PS> Invoke-NexosisGraphDataSetAndSession
# dataSetName
- -----------
0 nexosisWebSiteTraffic
1 sampleWebSiteTraffic
Which dataset would you like to return? (ctrl-c to exit): 1
# dataSourceName type resultInterval startDate endDate status
- -------------- ---- -------------- --------- ------- ------
0 sampleWebSiteTraffic forecast day 8/17/2017 12:00:00 AM 8/31/2017 12:00:00 AM completed
1 sampleWebSiteTraffic forecast hour 8/17/2017 12:00:00 AM 8/31/2017 12:00:00 AM completed
Which session would you like to return? (ctrl-c to exit): 0
Retrieving historical observations...
At this point a graph will show up with the historical observations and the forecasted data.

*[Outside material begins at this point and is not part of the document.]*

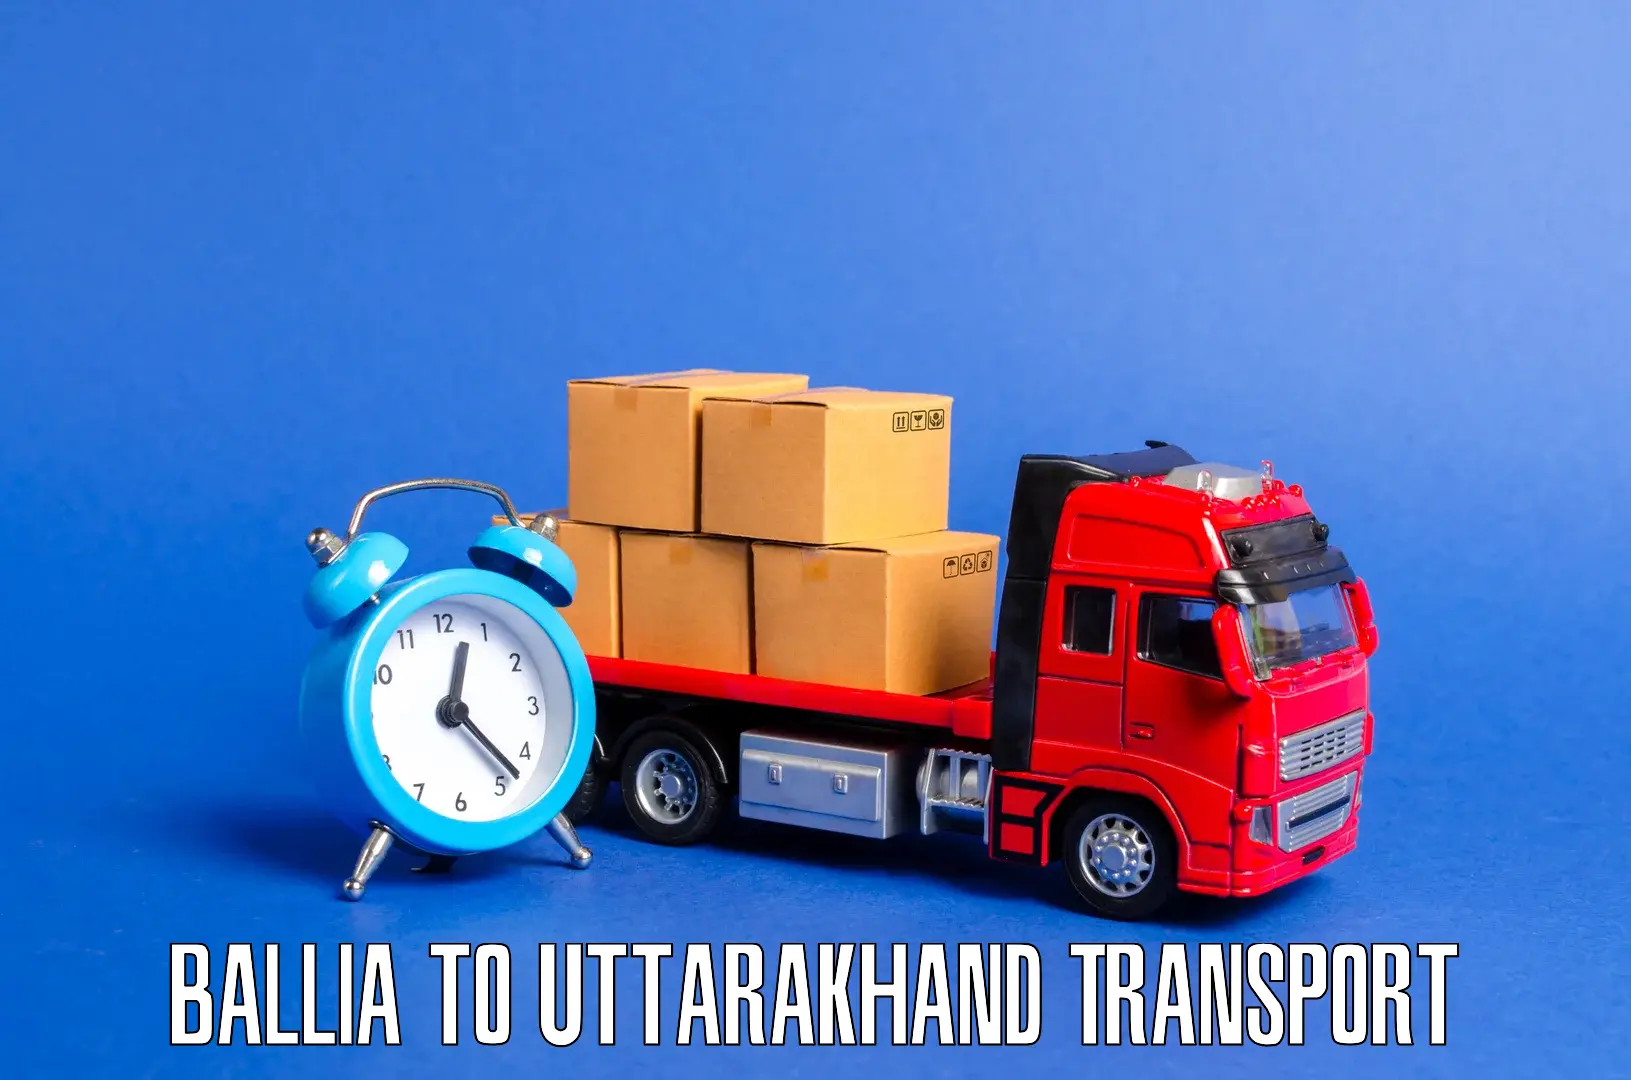 Nearest transport service Ballia to Paithani

Here are some sample outputs.
Example Showing Historical Hourly WebSite Traffic Forecasted Two Week
Example Showing Historical Daily WebSite Traffic Forecasted
Example Showing Historical Daily WebSite Traffic and Impact Calculated
The results for our Impact analysis show a pValue of 0.0025, or very close to 0. This indicates there was a strong statistical significance of the impact of the event during the specified time period.
pValue: 0.0025
absoluteEffect: 11206.8885
relativeEffect: 0.6686
Relative effect is showing a ~67% increase. The absolute effect is showing the area under the curve in the chart below that’s between the orange and blue line during the impact period.
Try It Yourself!
To try it on your Google Analytics data, install the module or clone it from git here!
Here is a list of all commands coded for this Sample PowerShell Module
Get-NexosisAllDataSetData - Illustrates how to implement paging to download ALL data.
Invoke-NexosisGraphDataSetAndSession - An example interactive tool to choose DataSets
and retrieve associated Sessions and then build a
PNG chart of the results.
Invoke-NexosisMonitorSession - Shows how to monitor an active Nexosis API Session and wait
for it to complete.
Invoke-NexosisUploadAnalyticsCsv - Takes an csv file formatted specifically from Google Analytics
Export and transforms and uploads it to Nexosis API.
These are some private scripts in the PS Module that are used to provide some PowerShell command line interface:
Get-NexosisForecastDateRange - Illustrates how to calculate a forecast start and end date /
times using historical data.
Get-NexosisFormatDataForGraphing - Illustrates how to prepare Nexosis Data for graphing in a
custom .NET library.
Invoke-NexosisDataSetChooser - A simple command that allows you to interactively show and
choose a dataset. Script returns DataSetData object.
Invoke-NexosisGraphDataSets - Sample showing how to use Microsoft Chart Controls for
Microsoft .NET Framework 3.5 to graph output.
Invoke-NexosisSessionChooser - A simple command that allows you to interactively show and
choose a Session. Script returns SessionResult object.
Invoke-SaveDialog - A simple command that creates a Save Dialog box to allow
saving of an Image file generated by the graphing library.